✨ TL;DR
This paper develops a general mathematical theory explaining how symmetries in target distributions and variational families guarantee that variational inference can accurately recover certain statistics, even when the approximation is imperfect. The framework unifies existing results and enables derivation of new recovery guarantees across diverse settings including directional statistics.
Variational inference approximates intractable probability distributions by optimizing over simpler families, but these families often cannot represent the target exactly. This model misspecification raises critical questions about which properties of the target distribution can be reliably captured.
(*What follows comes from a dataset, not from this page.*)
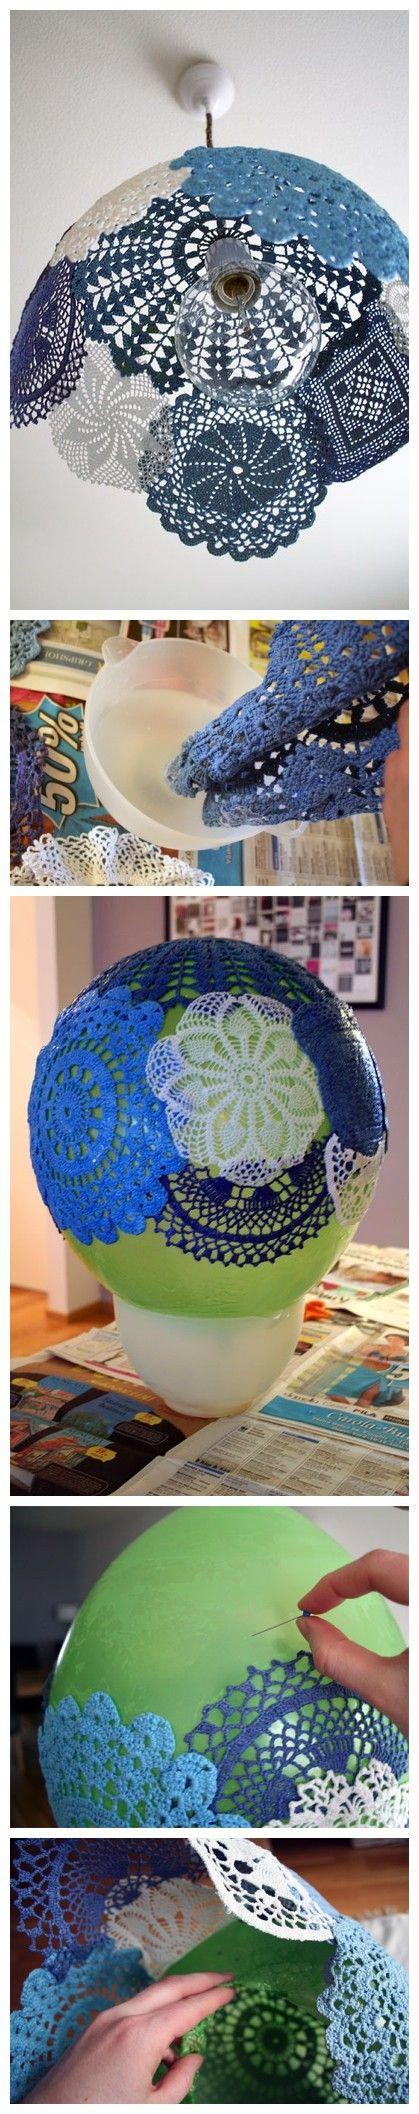 Faça você mesma: uma cúpula de crochê                                                                                                                                                                                 More

While recent work has shown that symmetries can enable recovery of certain statistics despite misspecification, these results are problem-specific and lack a unified theoretical foundation. There is no general understanding of the fundamental mechanism by which symmetry forces statistic recovery, limiting our ability to predict when VI will succeed or fail at capturing specific properties of interest.
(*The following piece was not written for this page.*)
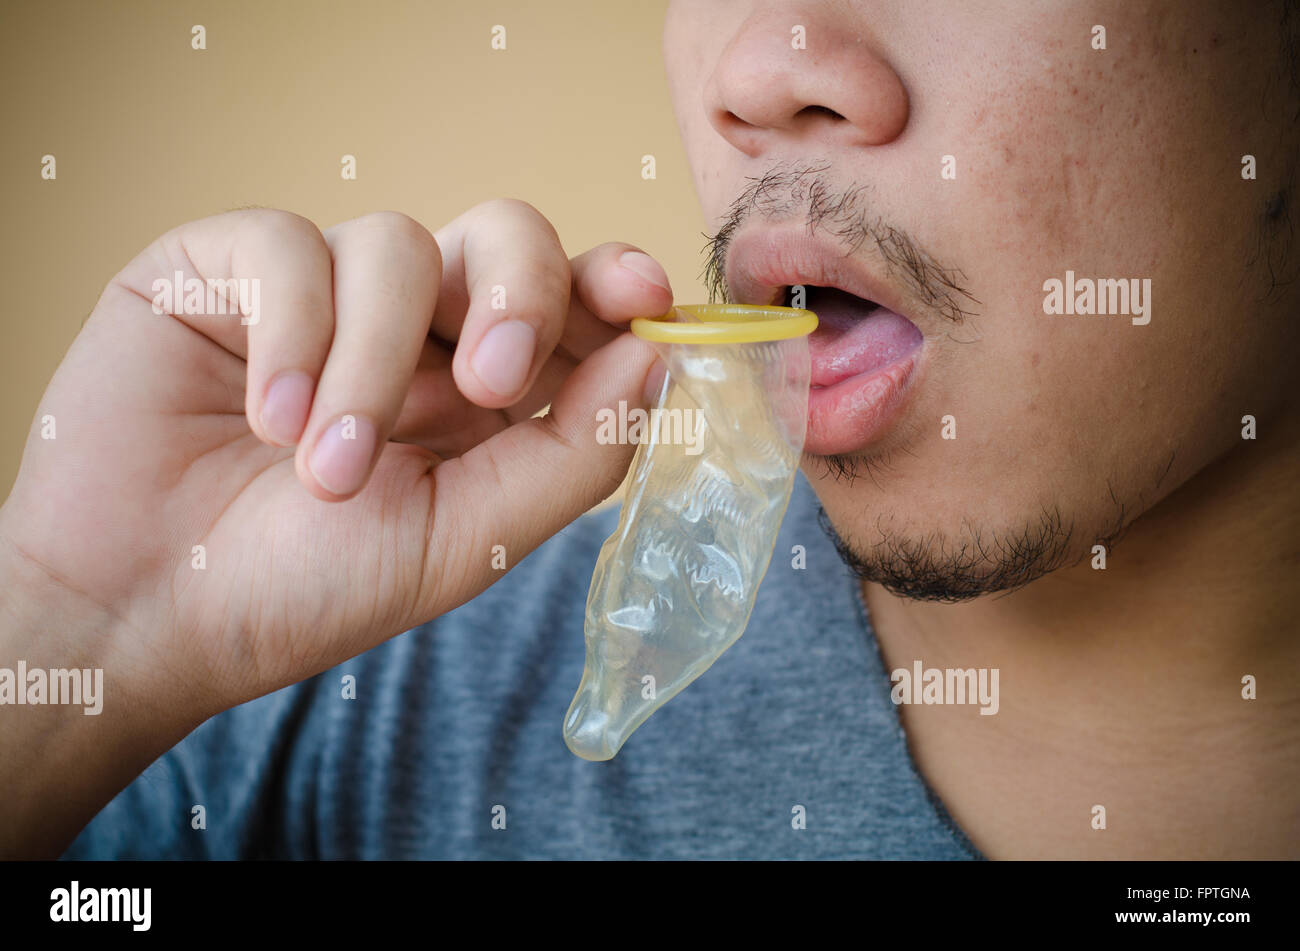 что ты, видео пьет сперму из презерватива попросту отобьет, даже

The authors develop a general mathematical framework for understanding symmetry-induced statistic recovery in variational inference. Their approach has three main components: First, they characterize when variational minimizers inherit symmetries from the target distribution and establish conditions under which these inherited symmetries pin down identifiable statistics. Second, they demonstrate that their theory subsumes existing results by showing that known recovery guarantees in location-scale families emerge as special cases of their general framework. Third, they apply their theory to new settings, specifically distributions on the sphere, to derive novel guarantees for recovering directional statistics in von Mises-Fisher families. The framework is designed to be modular, providing a systematic blueprint for deriving recovery guarantees across different symmetry settings.